Voorwoord
Baccha, het ezeljong (1962) staat te boek als het eerste Surinaamse kinderboek. Hoewel het verhaal zonder auteursnaam is uitgegeven door het Bureau Volkslectuur, wordt het vaak toegeschreven aan Lou Lichtveld/Albert Helman (1903-1996), die van 1958 tot 1961 directeur van het Bureau was. Van 1961 tot 1964 werd die functie vervuld door Jnan Hansdev Adhin (1927-2002) en vanaf 1964 door Christiaan Hendrik - Hein - Eersel (1922).
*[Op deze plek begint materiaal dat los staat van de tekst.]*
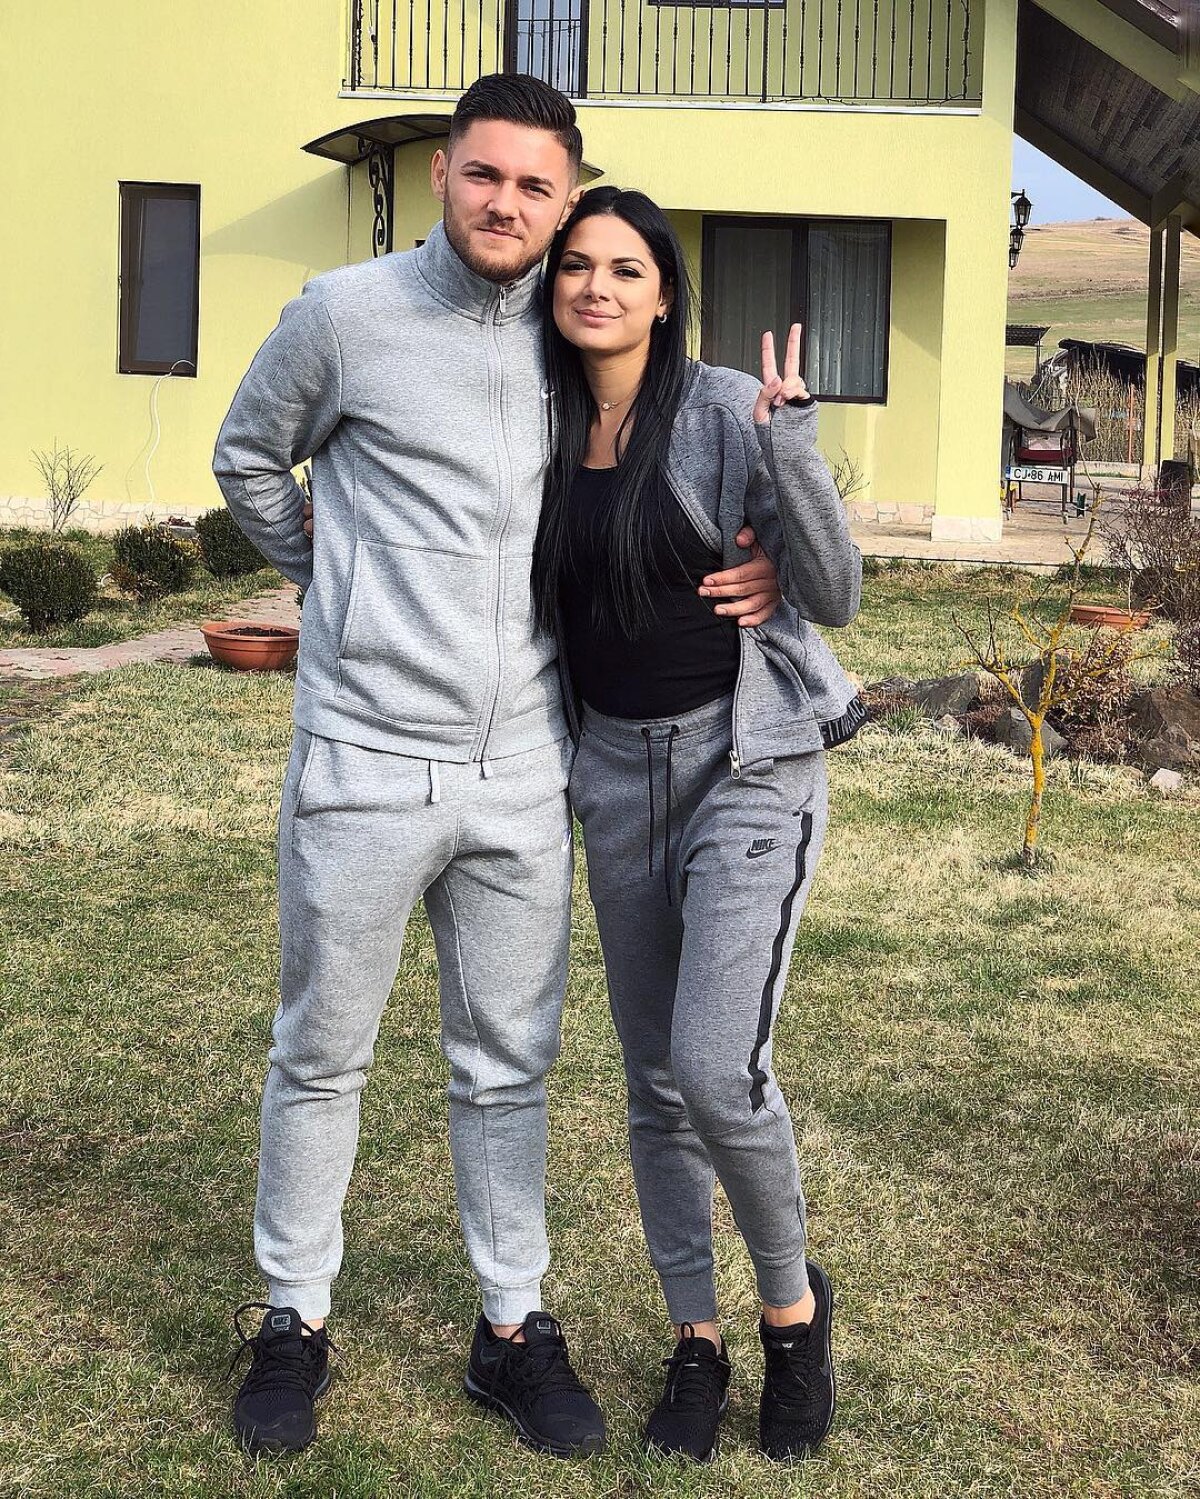 FOTO Alex Ioniță a punctat decisiv în plan personal: a cerut-o pe Adriana de soție după 8 luni de relație

Er zijn verschillende versies van de ontstaansgeschiedenis van Baccha, het ezeljong. Michiel van Kempen tekent in Een geschiedenis van de Surinaamse literatuur (2003) uit de mond van Albert Helman op, dat die het uit India afkomstige verhaal gehoord had van een marktkoopvrouw en het in 1961 had opgeschreven. Jnan Adhin zou hem geholpen hebben om de hindostaanse leefwereld juist weer te geven. Hein Eersel geeft een andere versie. Hij vertelt dat Jnan Adhin op een goede dag kwam aanzetten met een manuscript van een onderwijzer uit de omgeving van het Pad van Wanica. Dat is toen door Albert Helman, Jnan Adhin en hemzelf bewerkt tot de uitgave die - zoals alle publicaties van het Bureau Volkslectuur - anoniem was.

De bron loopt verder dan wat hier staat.